A greater effort is therefore needed to bolster the analytical capacity of National Statistical Offices. Most NSOs still believe that their main mandate is merely to produce data – not to analyze and present them in ways that are accessible to other users – and they generally lack the capacity to disseminate key messages to inform policy decisions.

NSOs need to break their traditional confines of disseminating figures and statistical yearbooks to also become data intermediaries themselves, by producing analytical reports, headline indicators, and press releases with policy-oriented key messages, all of which add value to underlying data. They also need to be brought into the fold of the policy-making arena so that the type of reports they produce – and the timing of release of these reports – are in tune with contemporary political debates, while retaining their institutional independence and their essential role as trusted, impartial providers of statistical data.

International agencies stand ready to support NSOs in this journey.
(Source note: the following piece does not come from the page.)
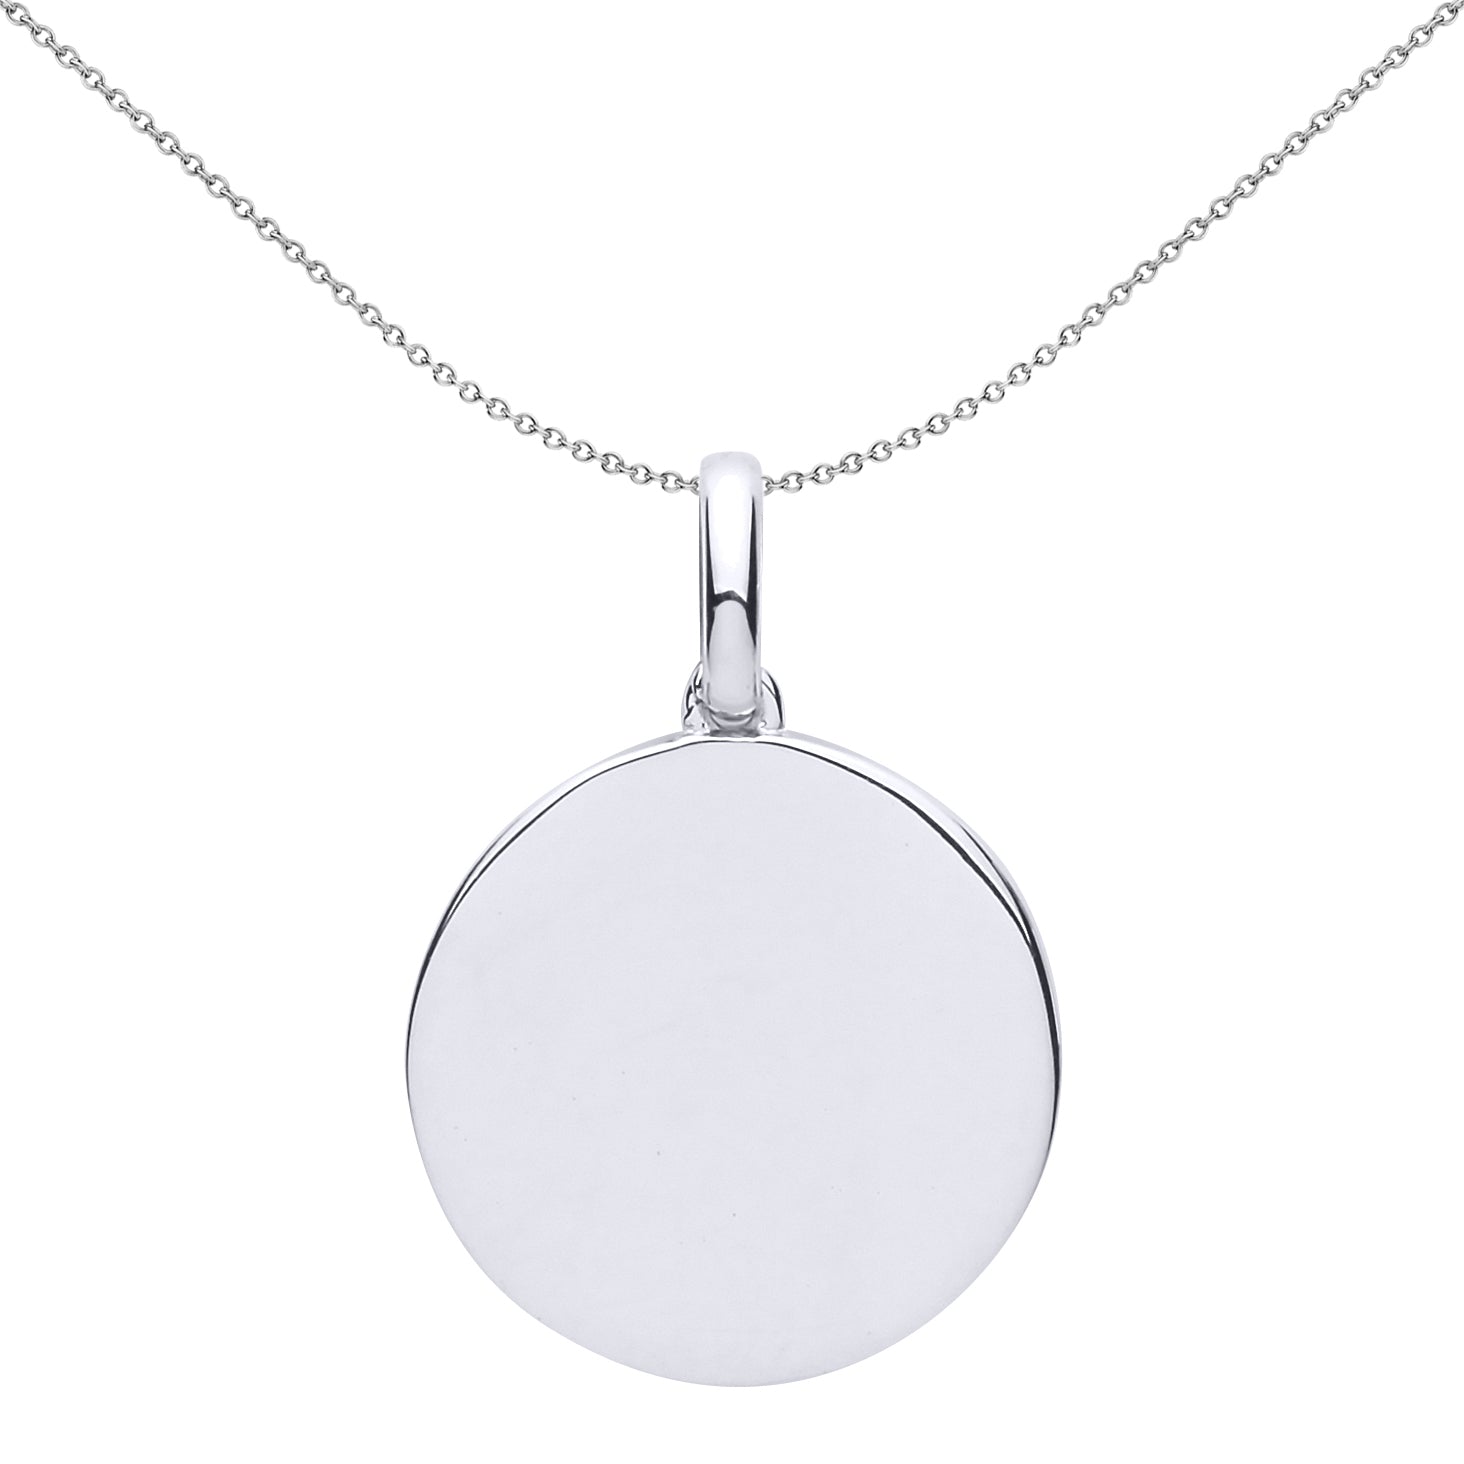 Silver  Round Disc Medallion Necklace 18 inch - GVP499

This includes helping NSOs embrace open data, deal with data protection and privacy in a way that also allows for data dissemination, and establish platforms that can facilitate communication between data producers and data users.

International agencies are also beginning to integrate data literacy and data analytics training components into large statistical capacity development programmes. For example, a recently issued Guide to Promoting Data Use under the 50×2030 Initiative lists a number of actions aimed at helping data producers better communicate and present data products, tailored to different audiences. Yet there is still ample scope for international agencies to join forces and work closer together on promoting data use and supporting the analytical capacities of NSOs, in the spirit of the UN Secretary-General’s Data Strategy and with a view to further supporting countries in achieving the 2030 Agenda.

[1] The International Household Survey Network (IHSN) has similarly already been disseminating household survey microdata for several years.